A crucial example is the geometric series:
$$ \sum_{n=0}^{\infty} x^n = 1 + x + x^2 + x^3 + ... $$This geometric series converges when $ -1 < x < 1 $. Remember this - it's a building block!
Determining Convergence
To determine the convergence of a power series, we often use the Ratio Test. Let's look at some examples:
Example 1:
For what values of $x$ does the series $\sum_{n=1}^{\infty} \frac{(x - 3)^n}{n}$ converge?
Applying the Ratio Test:
$$ \lim_{n \to \infty} \left| \frac{a_{n+1}}{a_n} \right| = \lim_{n \to \infty} \left| \frac{(x - 3)^{n+1}}{n+1} \cdot \frac{n}{(x - 3)^n} \right| = \lim_{n \to \infty} \left| (x - 3) \cdot \frac{n}{n+1} \right| = |x - 3| $$For convergence, we need $|x - 3| < 1$, which implies $2 < x < 4$. Checking the endpoints: when $x = 2$, the series becomes $\sum_{n=1}^{\infty} \frac{(-1)^n}{n}$ which converges (alternating harmonic series). When $x = 4$, the series is $\sum_{n=1}^{\infty} \frac{1}{n}$ which diverges (harmonic series).

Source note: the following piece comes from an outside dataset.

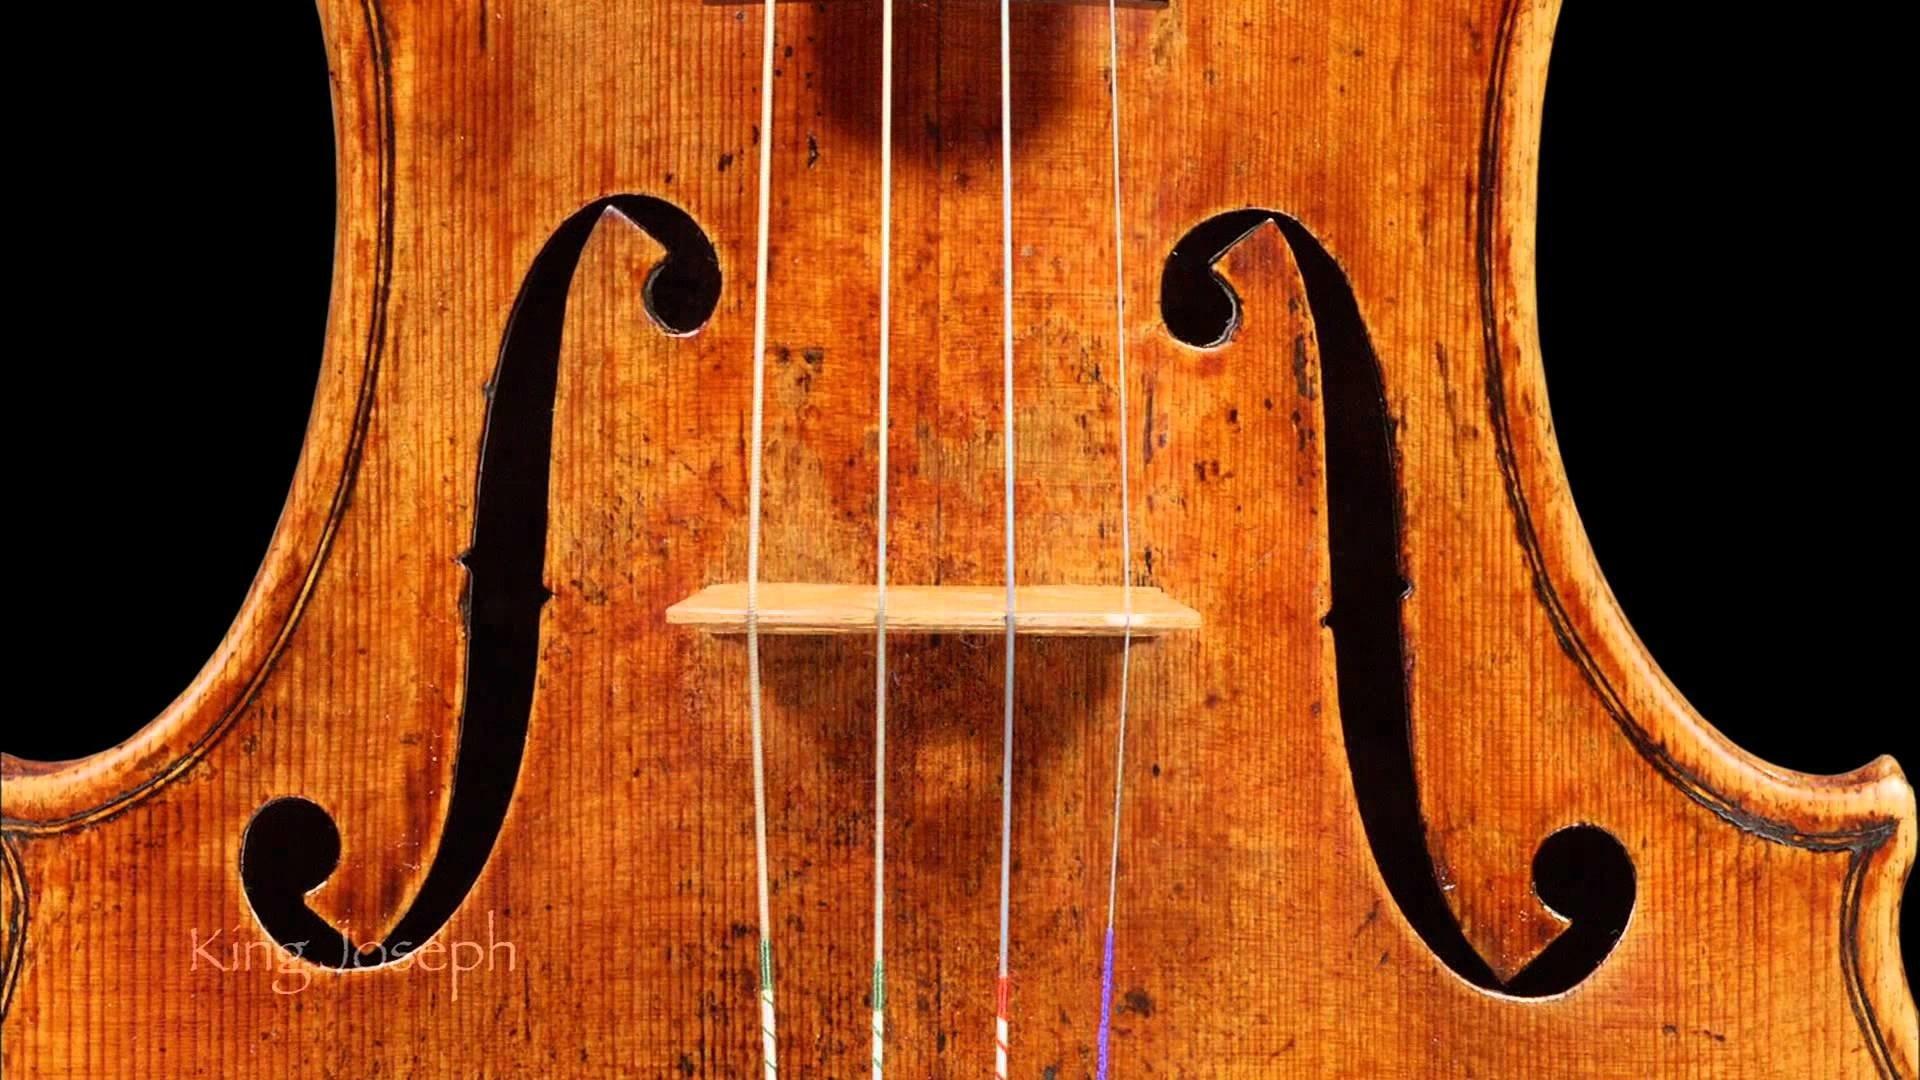 ff violon v télécharger

Therefore, the interval of convergence is $2 \le x < 4$.
Example 2:
For what values of $x$ does the series $\sum_{n=0}^{\infty} n!x^n$ converge?
Applying the Ratio Test:
$$ \lim_{n \to \infty} \left| \frac{(n+1)!x^{n+1}}{n!x^n} \right| = \lim_{n \to \infty} |(n+1)x| $$This limit is infinite for any $x \ne 0$. Therefore, the series only converges at $x = 0$.
Example 3:
For what values of $x$ does the series $\sum_{n=0}^{\infty} \frac{x^n}{(2n)!}$ converge?
Applying the Ratio Test:
$$ \lim_{n \to \infty} \left| \frac{x^{n+1}}{(2(n+1))!} \cdot \frac{(2n)!}{x^n} \right| = \lim_{n \to \infty} \left| \frac{x}{(2n+2)(2n+1)} \right| = 0 $$Since the limit is 0 for all $x$, the series converges for all real numbers, i.e., $x \in \mathbb{R}$.
Key Theorem
For a power series $\sum_{n=0}^{\infty} c_n (x - a)^n$, there are only three possibilities:
- The series converges only when $x = a$.
- The series converges for all $x$.
- There is a positive number $R$ such that the series converges if $|x - a| < R$ and diverges if $|x - a| > R$. $R$ is called the radius of convergence.
Representations of Functions Using Geometric Series
We can often represent functions as power series by manipulating geometric series. Recall that
$$ \frac{1}{1 - x} = 1 + x + x^2 + x^3 + ... = \sum_{n=0}^{\infty} x^n, \quad |x| < 1 $$This is a powerful tool, and we'll explore how to use it in future lectures! Keep practicing, and you'll master power series in no time!